The new law temporarily allows for hospice recertification without a face-to-face visit and home dialysis patients to receive periodic evaluations using the telehealth technologies. The geographic or location restrictions for providers of telemedicine services are also temporarily lifted. Previously, the regulations limited reimbursements for Rural Health Clinics (RHC) and Federally Qualified Health Clinics (FQHC) to only those services defined as a face-to-face encounter. The current Act lifts these restrictions and allows for Medicare to reimburse for telemedicine services provided by these RHCs and FQHCs. The Act also provides the HHS Secretary with the authority to relax additional statutory restrictions on telehealth services to be covered by Medicare.
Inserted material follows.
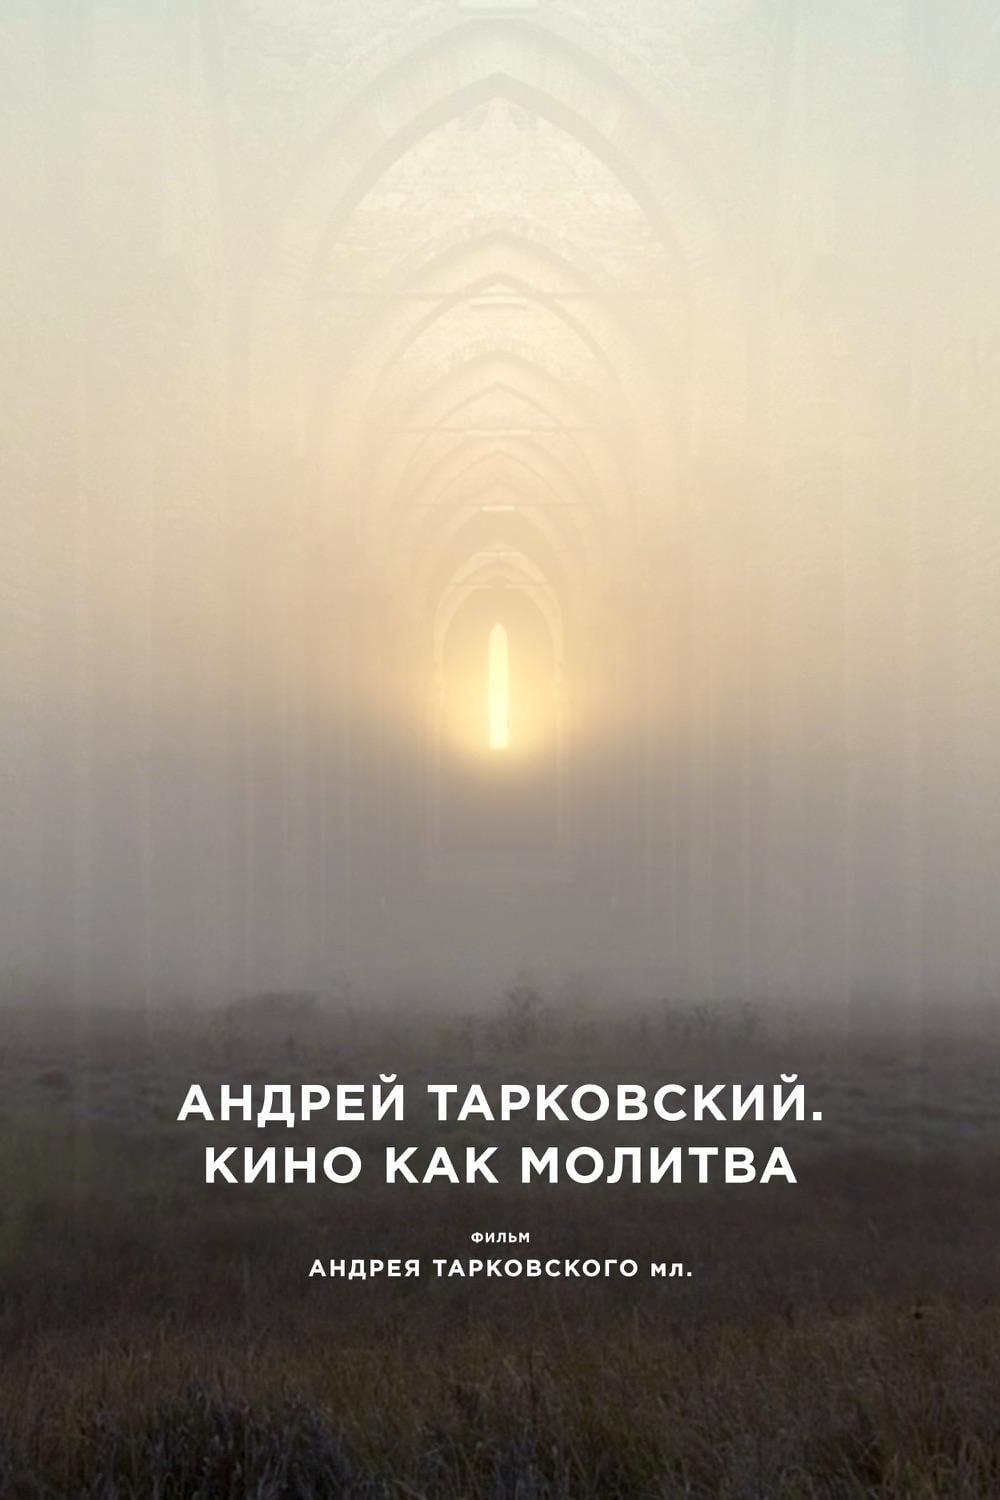 Андрей Тарковский. Кино как молитва poster

Of the $2 trillion total allocated in the CARES Act, $14.4 billion has been specifically earmarked to increase the access of telemedicine to patients of the Veterans Administration facilities throughout the country. An additional $2.15 billion has been allocated to the Department of Veterans Affairs Information Technology to improve the infrastructure and increase the capabilities to deliver these types of healthcare services. This is on top of the $27 billion allocated to the HHS’ Public Health and Social Services Emergency Fund to address increased access and infrastructure for telehealth generally.
Opening the access to telemedicine services will hopefully help reduce the current strain on the healthcare communities by allowing providers to access patients remotely without exposing themselves or their patients to risks that could be avoided. Those patients in remote or otherwise restricted locations can be screened and, in some instances, treated with the use of a smartphone. While these measures are only temporary, the hope of many organizations that promote telemedicine is that it will pave the way for a more meaningful method of delivery of telemedicine services into the future.